# Norwegian: Godt nyttår og takk for det gamle!



## KaRiNe_Fr

Hello there, and happy new year! 

Could someone would be kind enough to help me understand this norwegian sentence?

Godt nyttår og takk for det gamle!

I guess it is a happy new year greetings and maybe a thanks for something else...

Thanks!


----------



## Henryk

Happy new year and thank you for the previous one.

But you should wait for the natives.


----------



## Lemminkäinen

Yes, that's correct


----------



## KaRiNe_Fr

Ah ok, I think it's a thanks back sentence, as I wish him happy new year.
Thanks a lot Henryk and Lemminkäinen! I whish you the best too.


----------



## Grefsen

KaRiNe_Fr said:


> Could someone would be kind enough to help me understand this norwegian sentence?
> 
> Godt nyttår og takk for det gamle!





Henryk said:


> Happy new year and thank you for the previous one.



Is this a common New Year's greeting to use with family and friends who you have spent some special time with during the previous year?


----------



## vestfoldlilja

Yes, it's pretty common, but you don't need to have spent special time with them. 

We have other expressions as well, were we use takk in the same way, as in takk for sist - thank you for the last time we met/saw each other, takk for igår - thank you for yeasterday, and takk for meg - thank you for me. 

Of course they are not meant to be translated directly like this, and saying  anyone of the above in english doesn't sound right. It's just a way to express that you enjoyd the time you spent together. Takk for meg, is used when one is leaving a party or people whose house you've been to for a vistit to thank them for inviting you and the things you've been given there (food, drinks and such)


----------



## Grefsen

vestfoldlilja said:


> Yes, it's pretty common, but you don't need to have spent special time with them.


*Tusen takk for det vestfoldlilja!* 

I found this old thread when I was searching for commonly used New Year's greetings and was just wondering if it would sound strange to use *"Godt nyttår og takk for det gamle!*" to greet someone you had spent little or no time with during the previous year.  

Could someone please give me an example of another commonly used *nyttårs hils* that includes wishing for good health, happiness, and prosperity in the new year?

*P**å forh**ånd takk og godt **nyttår alle sammen!   *


----------



## JoakimG

"Godt" does not only mean happy, but you wish the person a good new year, so then it would include wishes for good health etc.


----------



## oskhen

Grefsen said:


> Could someone please give me an example of another commonly used *nyttårs hils* that includes wishing for good health, happiness, and prosperity in the new year?


 
A small correction if you don't mind: it's "nyttårshilsen"


----------



## Grefsen

JoakimG said:


> "Godt" does not only mean happy, but you wish the person a good new year, so then it would include wishes for good health etc.

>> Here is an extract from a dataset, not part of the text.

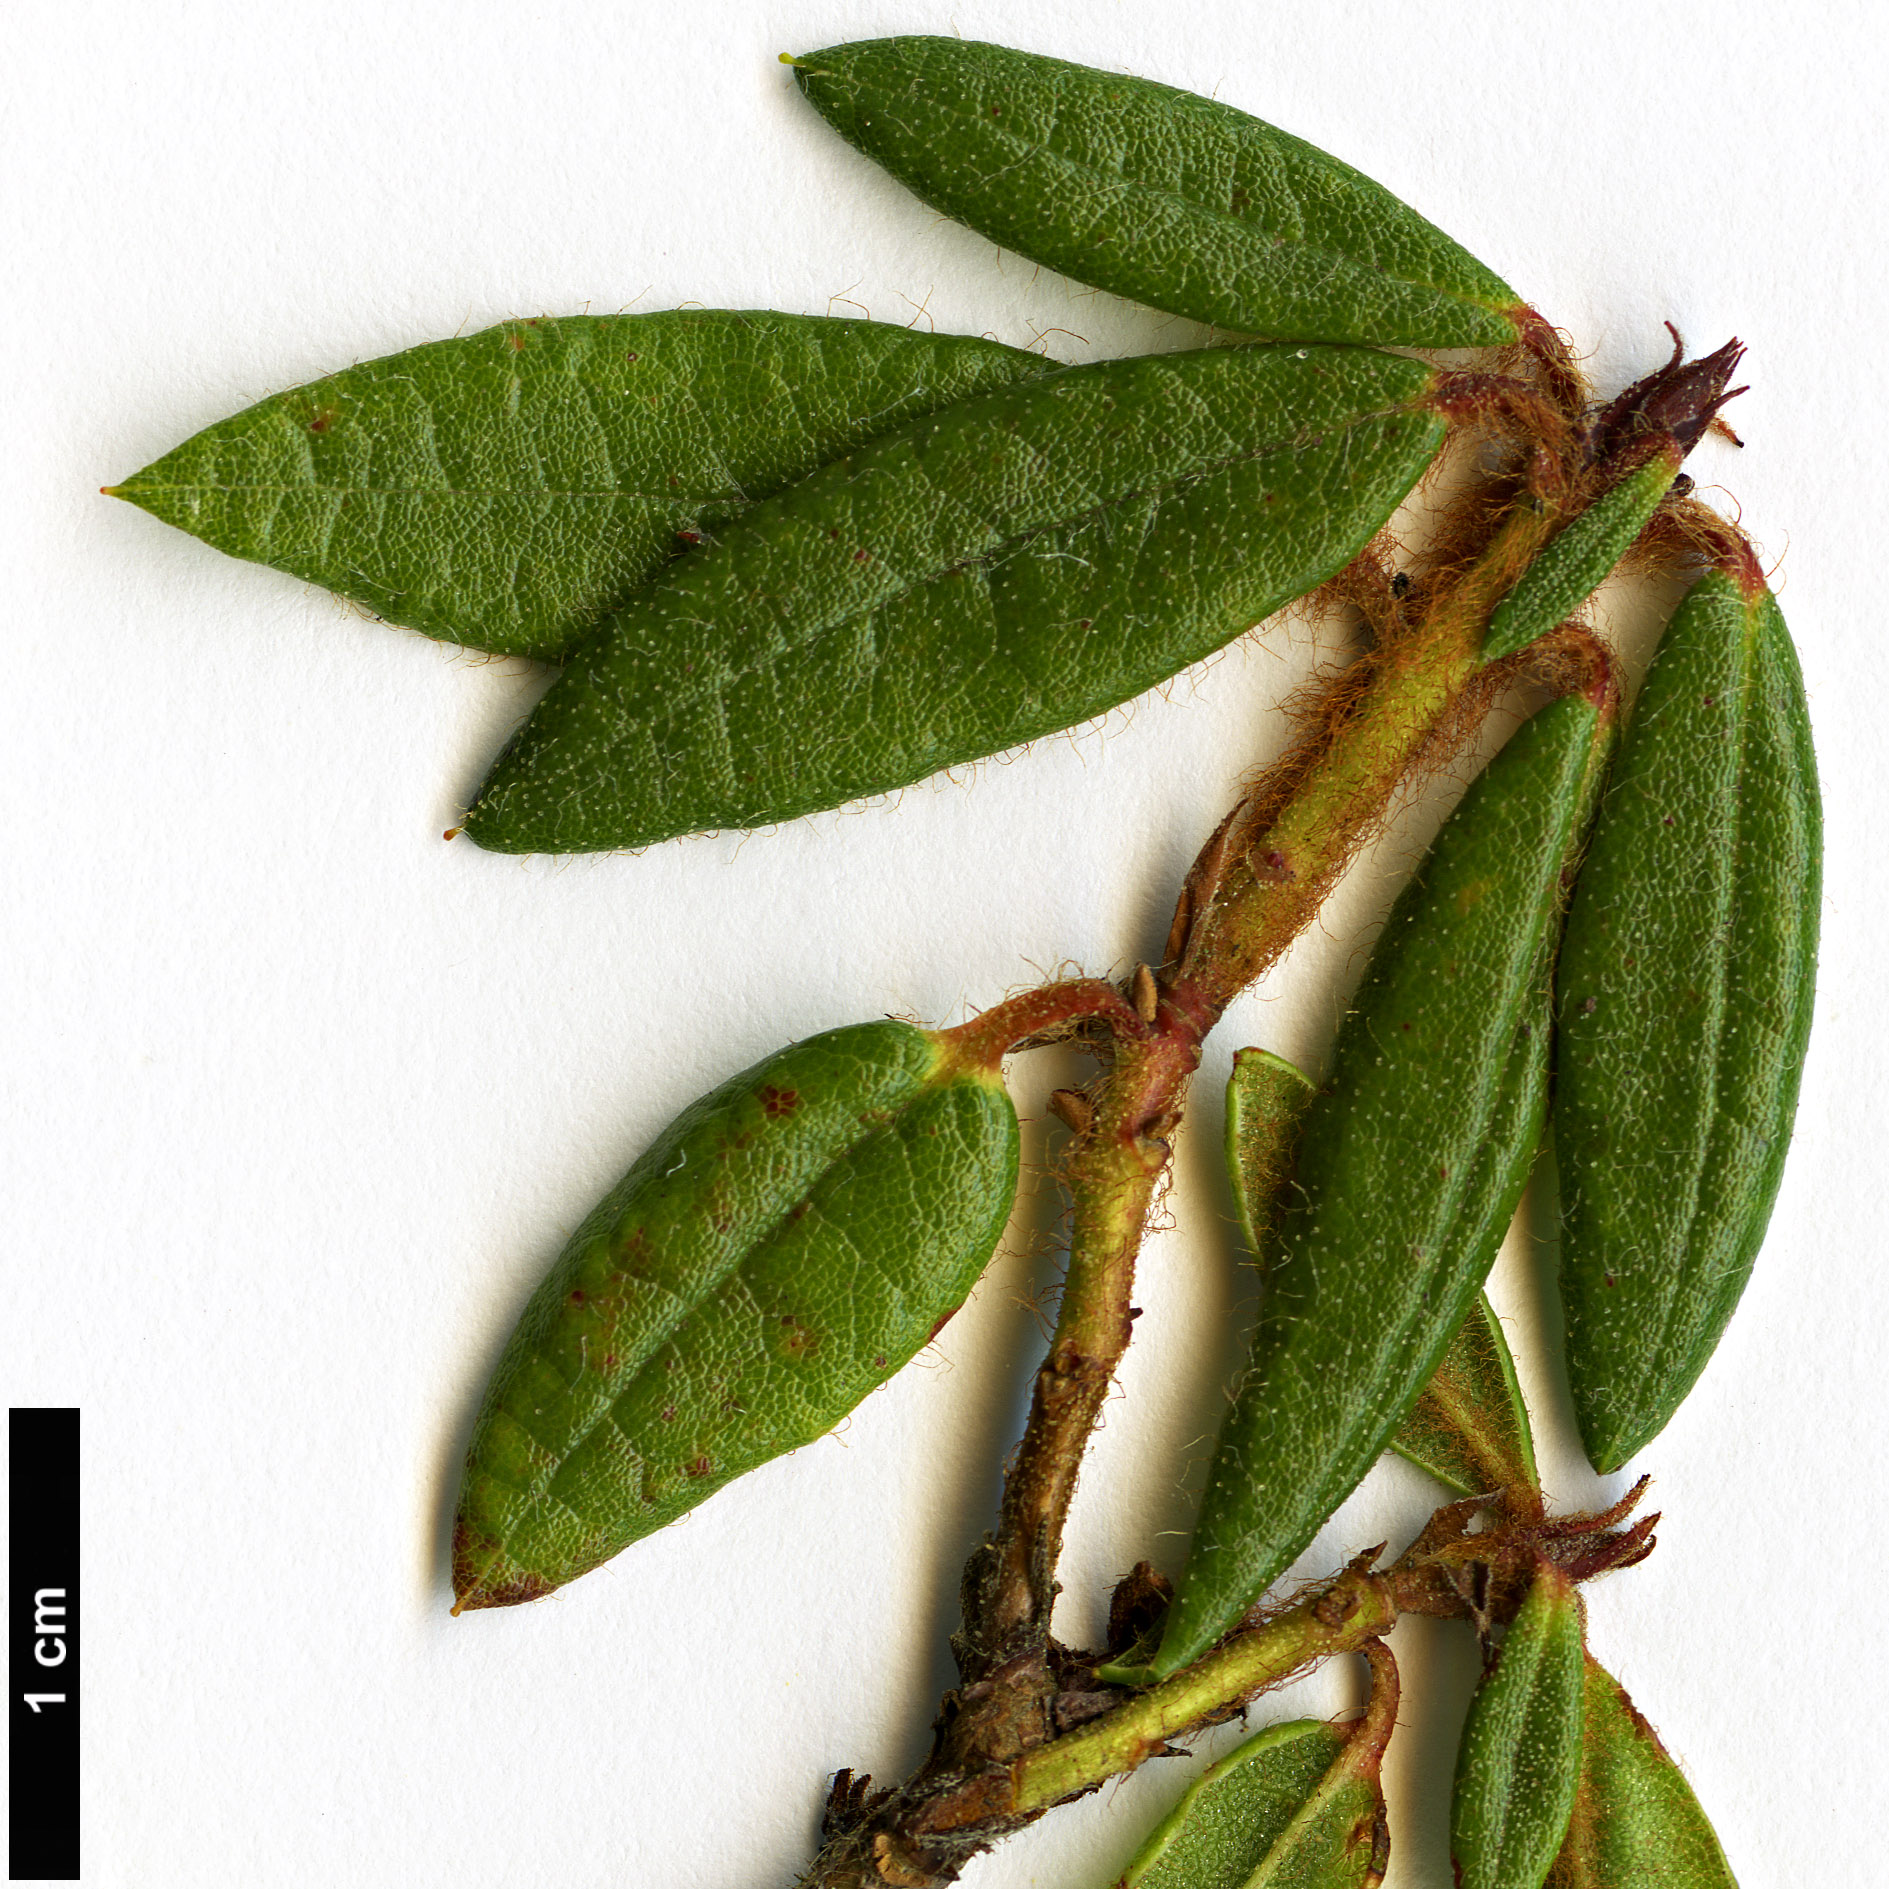 High resolution image: Family: Ericaceae - Genus: Rhododendron - Taxon: hypoleucum
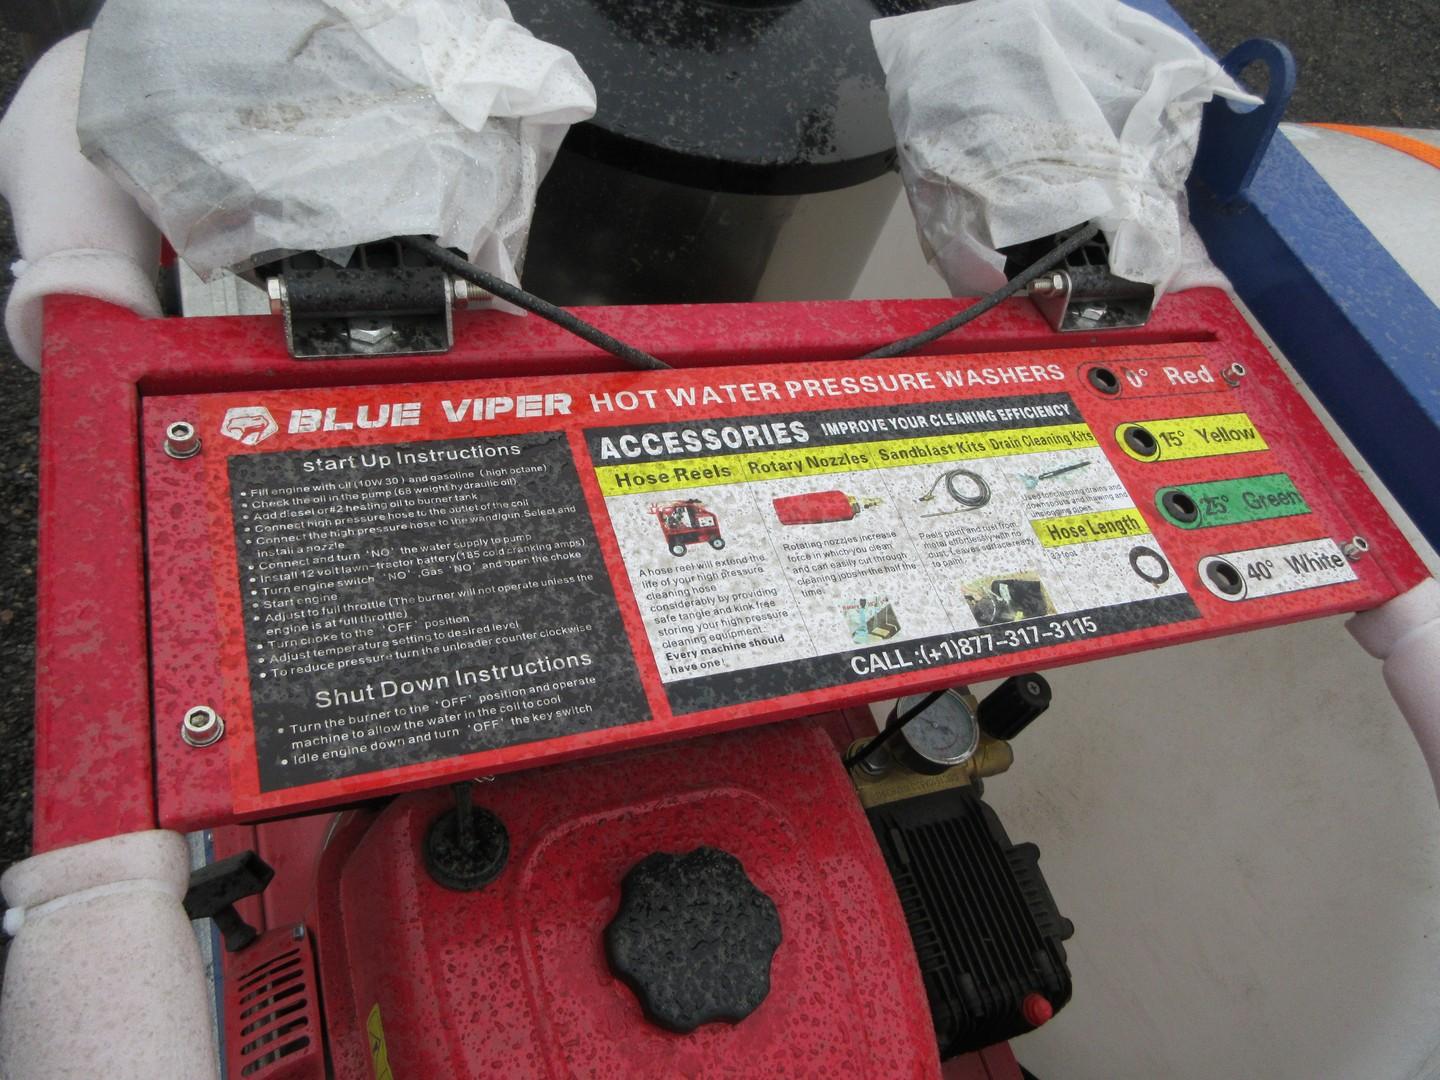 Blue Viper Hot Water Pressure Washer

*Tusen takk for det JoakimG! *

Yet another example of Norwegian efficiency.  




oskhen said:


> A small correction if you don't mind: it's "nyttårshilsen"



*Tusen takk også oskhen*! 

No, I don't mind at all.  As was mentioned recently in another thread, *"Et av mine nyttårsforsetter er å bli flinkere til å snakke norsk."  *

I'll also take this opportunity to say* "tusen takk alle sammen"* for everyone's patience helping me with compound nouns.  It looks like I've got a lot of work to do before I can expect an invitation to join the *norskgruppe  AMO (Astronomer Mot Orddeling).  *


----------